Lire l’article (lien direct en pdf sur leur site).

*

Le critique René Miquel, qui contribua également à la revue Ciné-Mondial, se glisse dans les coulisses d’un cinéma que l’on reconnait aisément comme étant Le Grand Rex.

Gardons en mémoire qu’à l’époque, les projections faisaient partie de tout un spectacle, avec attractions, danses, orchestre, etc., le tout pour le prix d’une place de cinéma.

*

René Miquel évoquera dans son article les Girls qui animent la soirée autant que les musiciens qui les accompagnent, il n’oublie pas de signaler l’imposante machinerie pour climatiser la salle, et finit par se faire engager comme placeur.

*

Bref, un article qui nous a paru intéressant pour se rappeler ce qu’était une séance de cinéma en 1933 dans un grand cinéma à Paris.

*

Signalons que nous avions déjà consacré un article au Grand Rex, à lire ici.

*

Vive le cinéma et bonne lecture !

***

DE L’AUTRE COTÉ DE L’ÉCRAN ET DE LA SCÈNE

LA VIE SECRÈTE D’UN GRAND CINÉMA par René Miquel

paru dans Pour Vous le 2 mars 1933

paru dans Pour Vous le 2 mars 1933

SAMEDI après-midi.
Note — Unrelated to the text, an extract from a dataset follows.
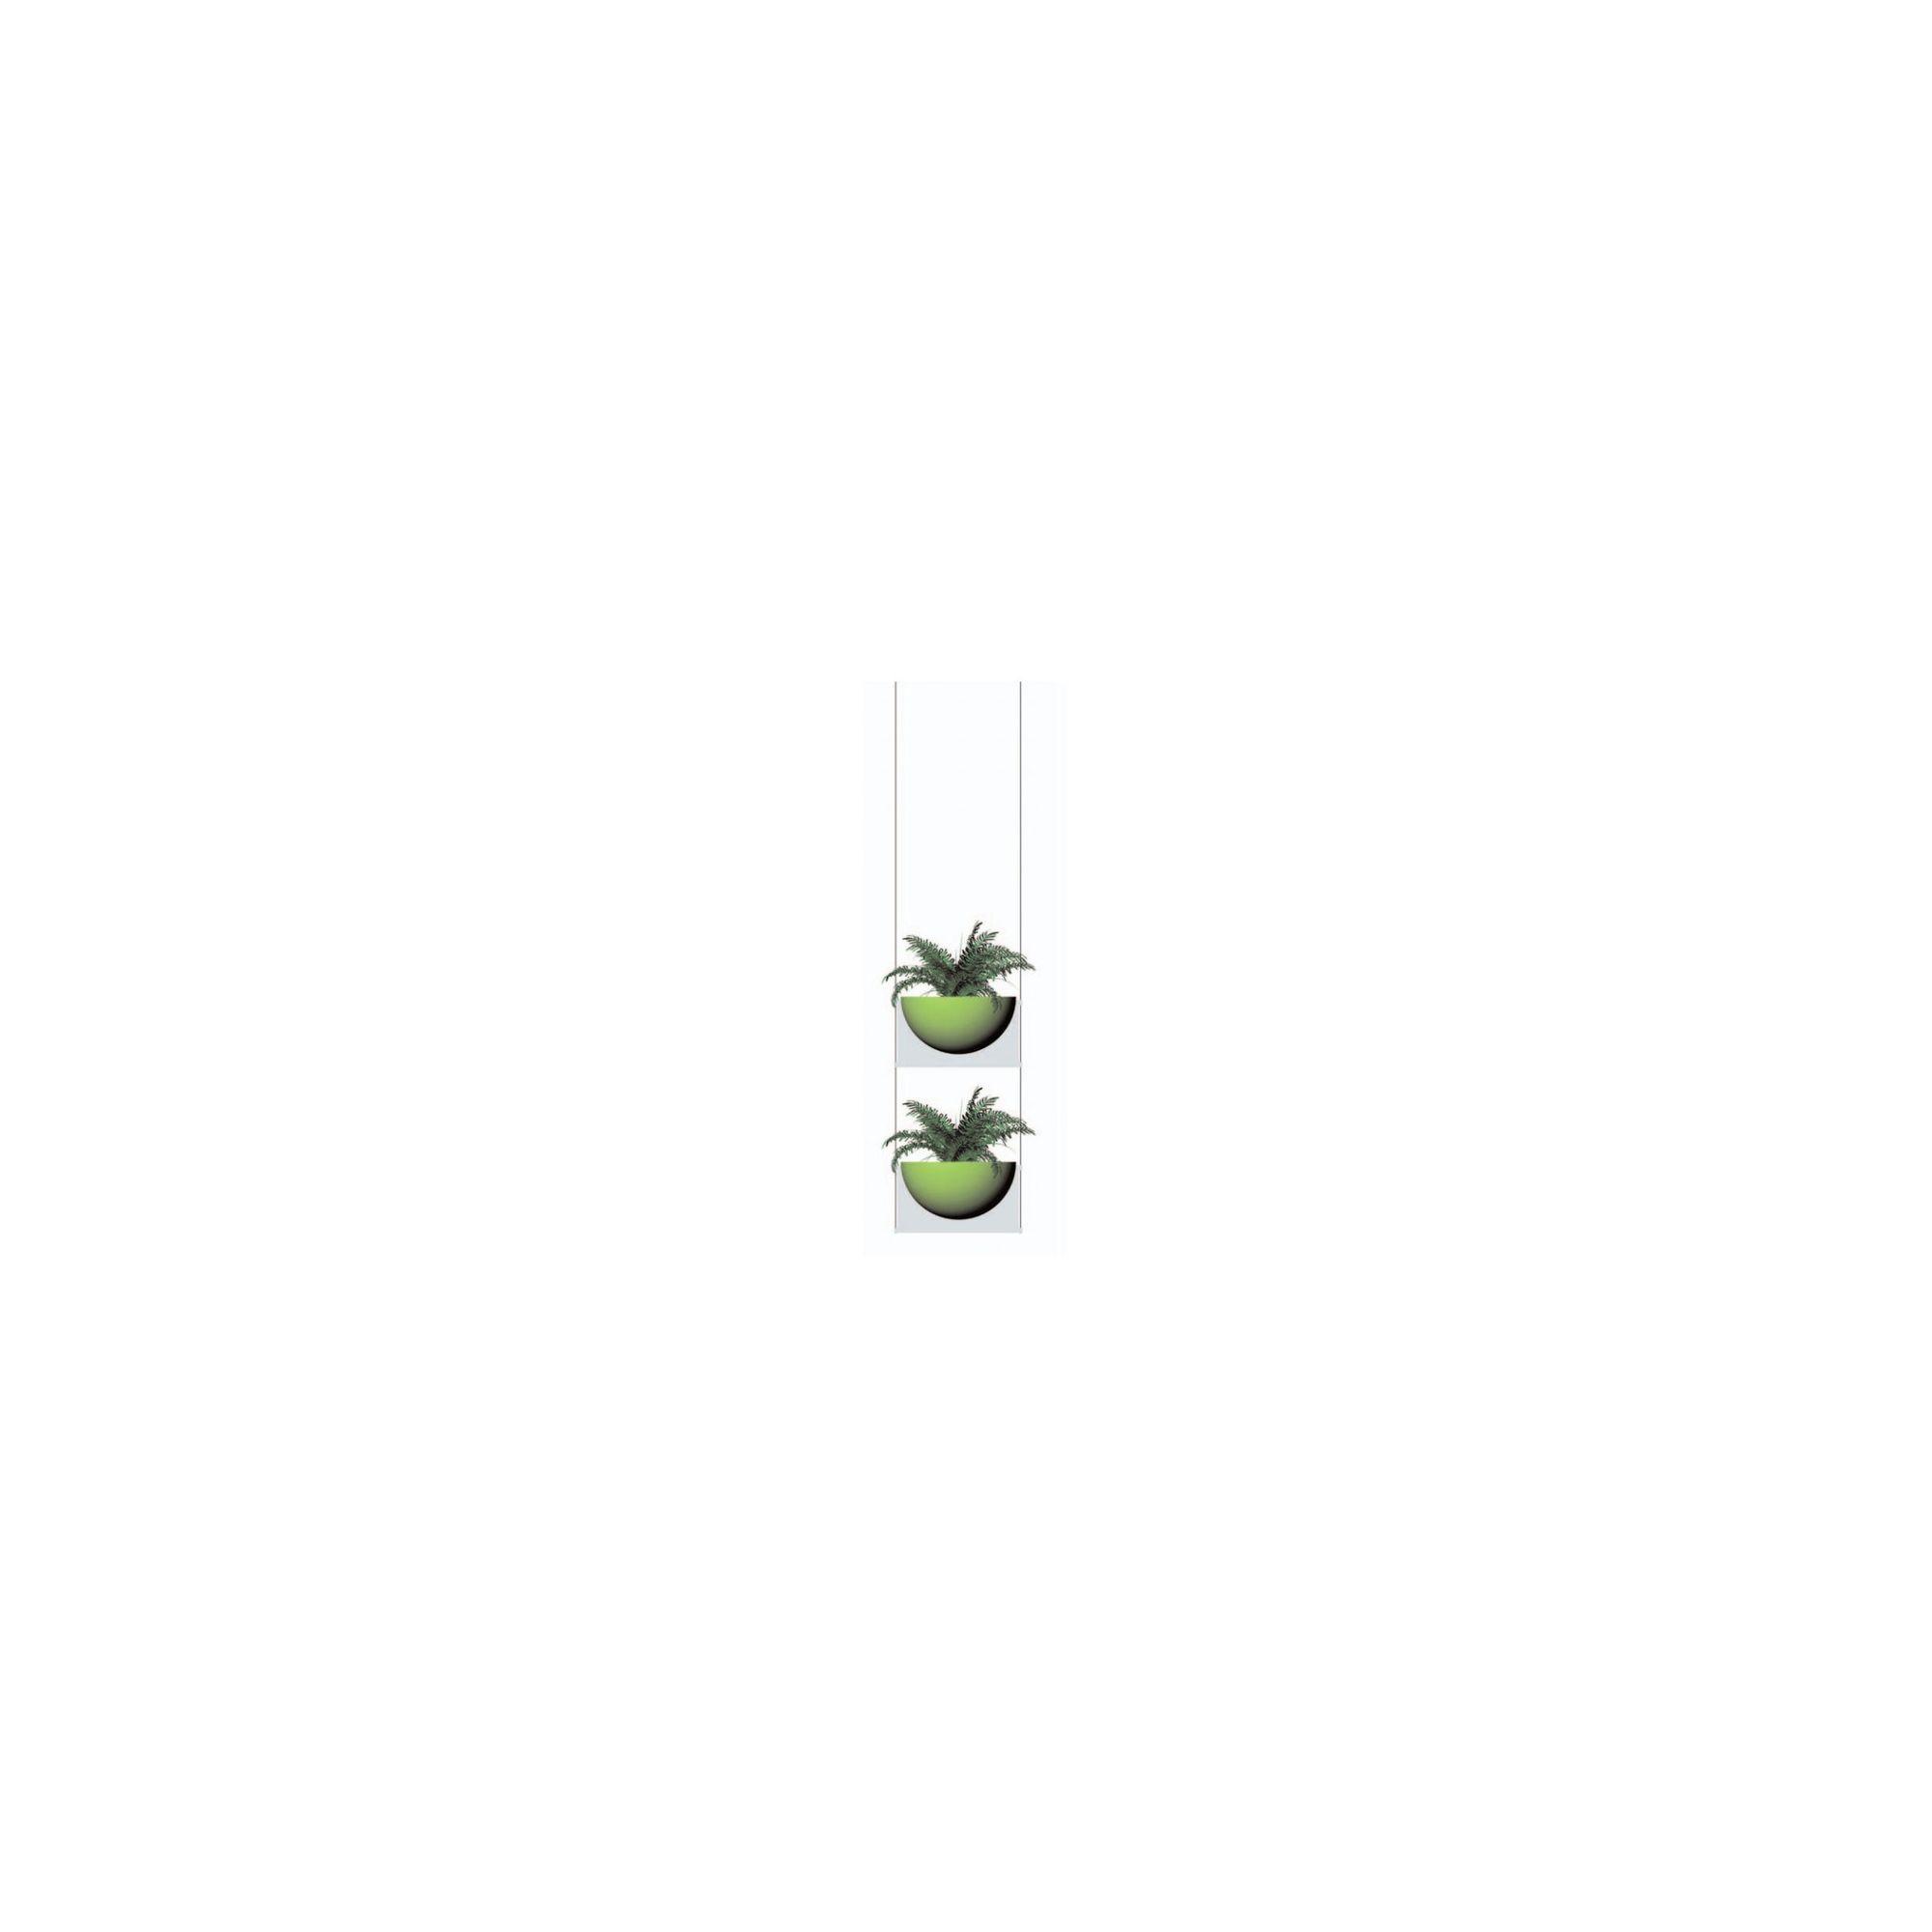 Emporium Positive Design Eebavoglio Double Flower Tray - Green at Tesco Direct

Sur ce trottoir des boulevards, un jeune couple marche devant moi. J’intercepte : « André, sois gentil, paye-moi deux heures de cinéma ». Elle a prononcé ce brin de phrase, candidement, comme elle aurait dit : « André, achète-moi un chou à la crème… » L’homme acquiesce au désir exprimé — le sien aussi apparemment — et tous deux franchissent le seuil d’une grande salle cinématographique.

Un appareil automatique éjecte leurs tickets que deux mains gantées de blanc déchirent aussitôt. Ça y est. Cent-vingt minutes durant, ces jeunes gens vont suspendre la quotidienneté de leur vie. Même s’ils n’ont plus que six sous en poche, l’estomac vide et les talons éculés — suppositions — ils fouleront des tapis très doux, un placeur correct leur prodiguera des égards, un fauteuil moelleux, à l’inclinaison étudiée, détendra leur corps, un air hygiéniquement dosé pénétrera leurs poumons, des sons joyeux leurs oreilles. Et si le spectacle est à la mesure de leur esprit, leurs yeux s’embueront d’émotion. Deux heures de rêve !…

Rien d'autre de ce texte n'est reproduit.